Reciprocal social interaction (RSI)
Test mice were individually housed for approximately one week before the experiment. A stranger adult male mouse of the same age as test mice or one week younger was placed into the home cage of the test mouse for 10 min. During the entire session, the lid of the cage was kept open to limit aggressive behaviors. Mouse behaviors were recorded by videotaping from above. The total time the test mouse spent sniffing the stranger mouse (head-to-head, head-to-body and head-to-anogenital) was manually recorded to represent social interaction.
The three-chamber was performed as described previously [10, 12]. In brief, the apparatus was a rectangular transparent plastic box (17.5 × 41.4 × 22 cm), with two dividing walls that separate the box into three equal chambers.
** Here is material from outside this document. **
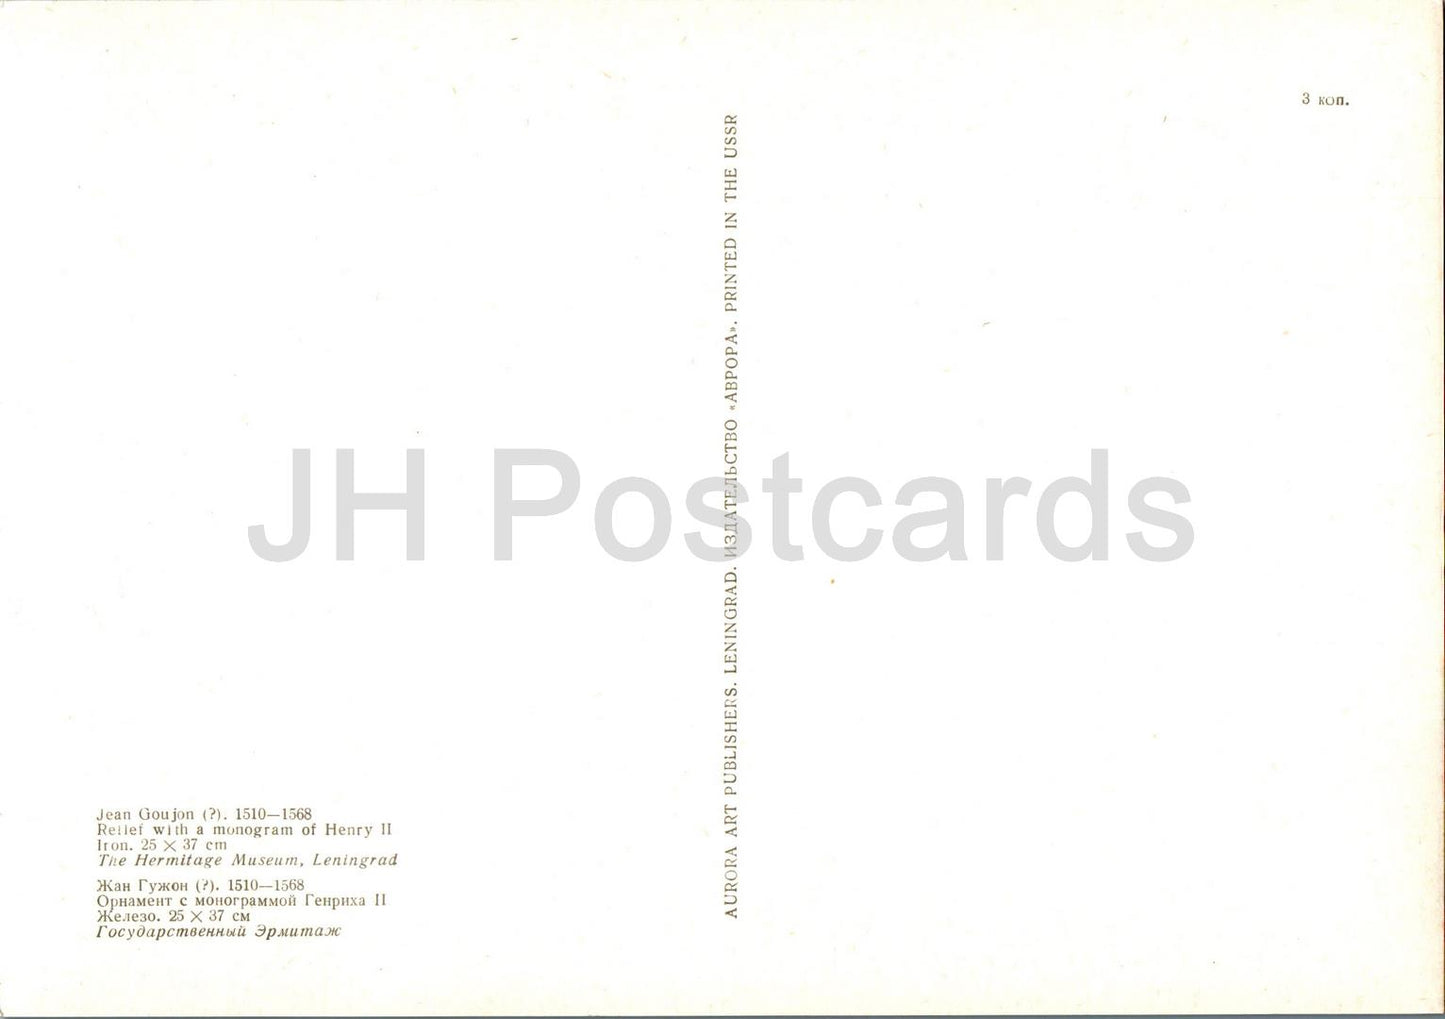 Relief by Jean Goujon - Relief with a monogram of Henry II  French art - Large Format Card - 1975 - Russia USSR - unused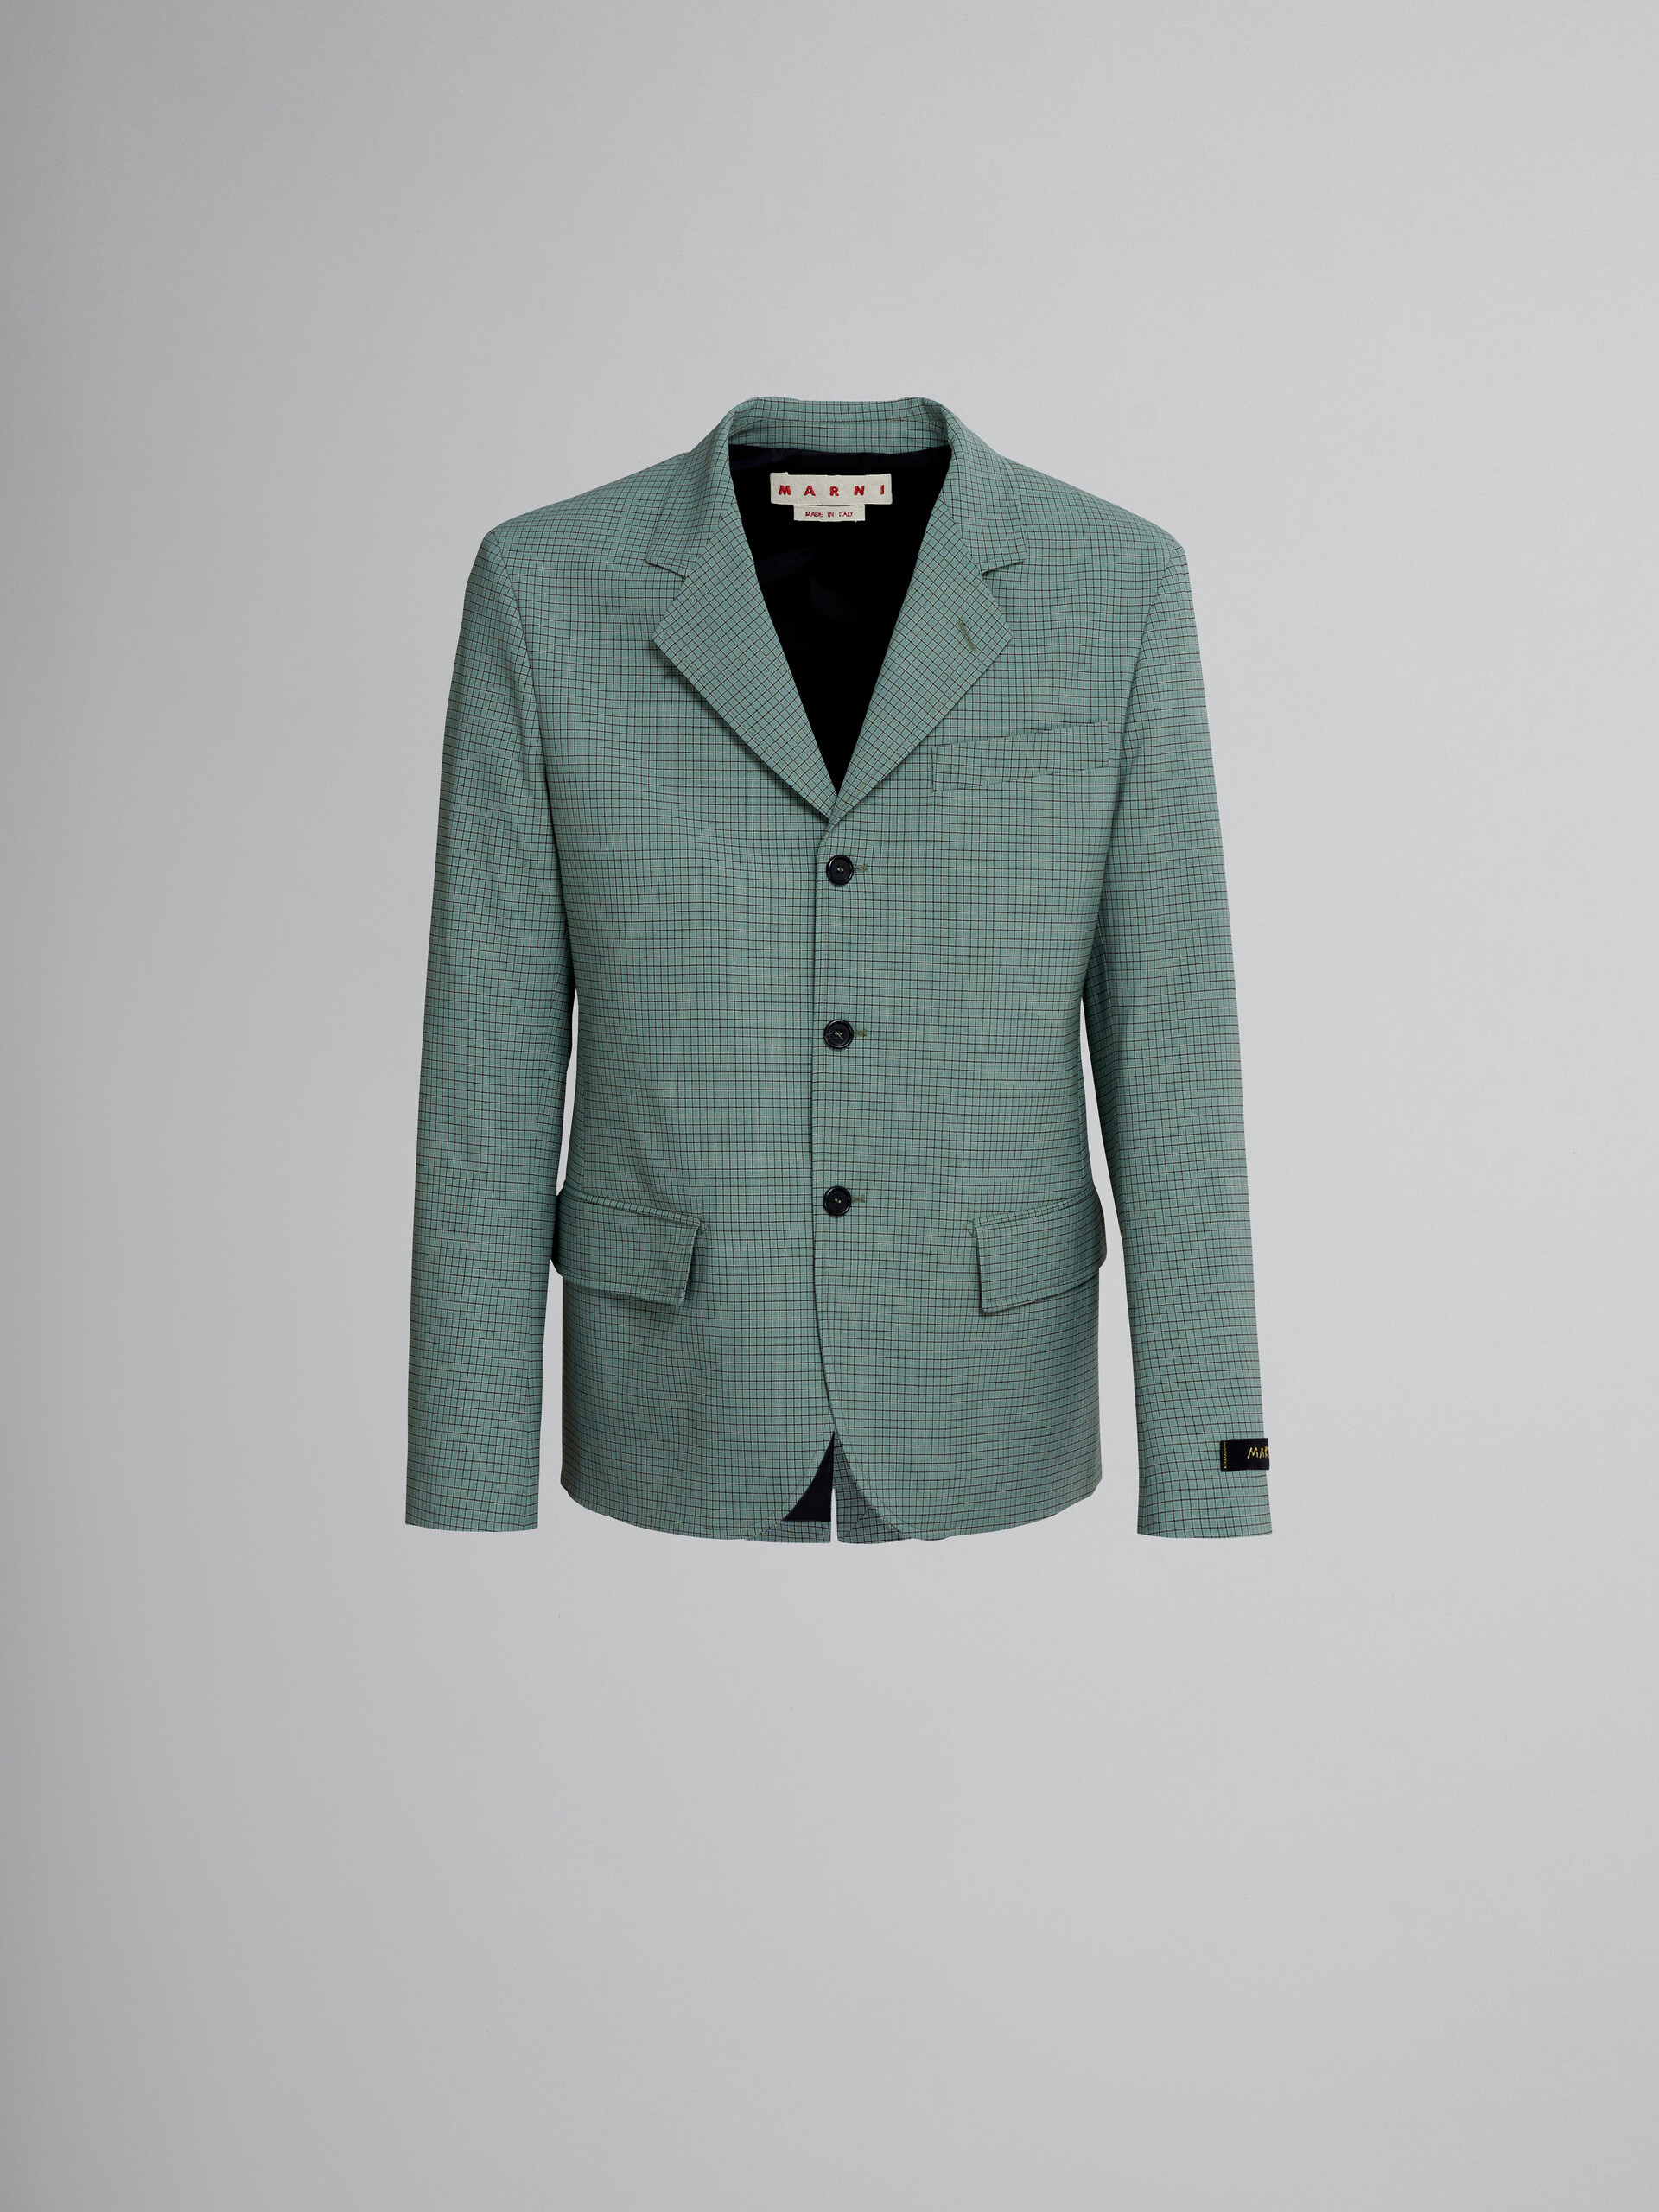 Blazer in tropical wool with green checks - Jackets - Image 1

Each dividing wall had a sliding entrance to connect different chambers. Two cylindrical wire cages (10.5 cm in diameter and 11 cm in height) were put in the left and right chambers. The experiment comprised three 10-min sessions (habituation, sociability and novelty preference), with 5 min intervals between each session. During intervals, test mice were placed back in their home cage. In every session, the test mouse was placed into the central chamber and the two sliding doors were then simultaneously opened to allow the mouse to freely explore the whole environment. In the habituation session, both cylindrical wire cages were empty. In the sociability test session, an object (Ob) was placed in one of the wire cages and a stranger mouse (S1) was placed in the other wire cage. In the social novelty preference session, the object was replaced by another stranger mouse (S2). Mouse behaviors were recorded by videotaping from above. Sniffing toward the cylindrical wire cages was considered as social interaction, which was quantified manually without knowing the genotype of mice. The value of (TS1-TOb)/(TS1 + TOb) was defined as the preference index of sociability. The value of (TS2-TS1)/(TS2 + TS1) was defined as novelty preference. TOb is the interaction time with the object, TS1 is the interaction time with S1, and TS2 is the interaction time with S2.
Statistical analysis and graphical outputs were performed using PRISM 5.03 or 8.3 (Graphpad software). All sample sizes, statistical data and corresponding statistical methods are summarized in Tables S1 and S2. In brief, to compare multiple groups with one variant, one-way ANOVA with Bonferroni multiple comparison post hoc test was performed for normally distributed data and Kruskal–Wallis test with Dunn’s multiple comparison test was performed for nonparametric distributed data. To compare multiple groups with two variants, two-way ANOVA was employed. To compare two groups of unrelated datasets, two-tailed Mann–Whitney test or unpaired t test was employed. In this report, P < 0.05 is regarded as significant. For cumulative distribution analysis, a Kolmogorov–Smirnov (K-S) test was performed (https://www.aatbio.com/tools/kolmogorov–smirnov-k-s-test-calculator). Outliers in the dataset were excluded using the “Identify outlier” tool in PRISM. All image analyses, including immunoblotting and morphometric analyses, were conducted using ImageJ (NIH). All morphometric and behavioral assay data were analyzed blind to minimize personal bias by relabeling the samples before being analyzed by another member of the laboratory. All statistical methods and results are summarized in Additional file 2: Table S1, Additional file 3: Table S2.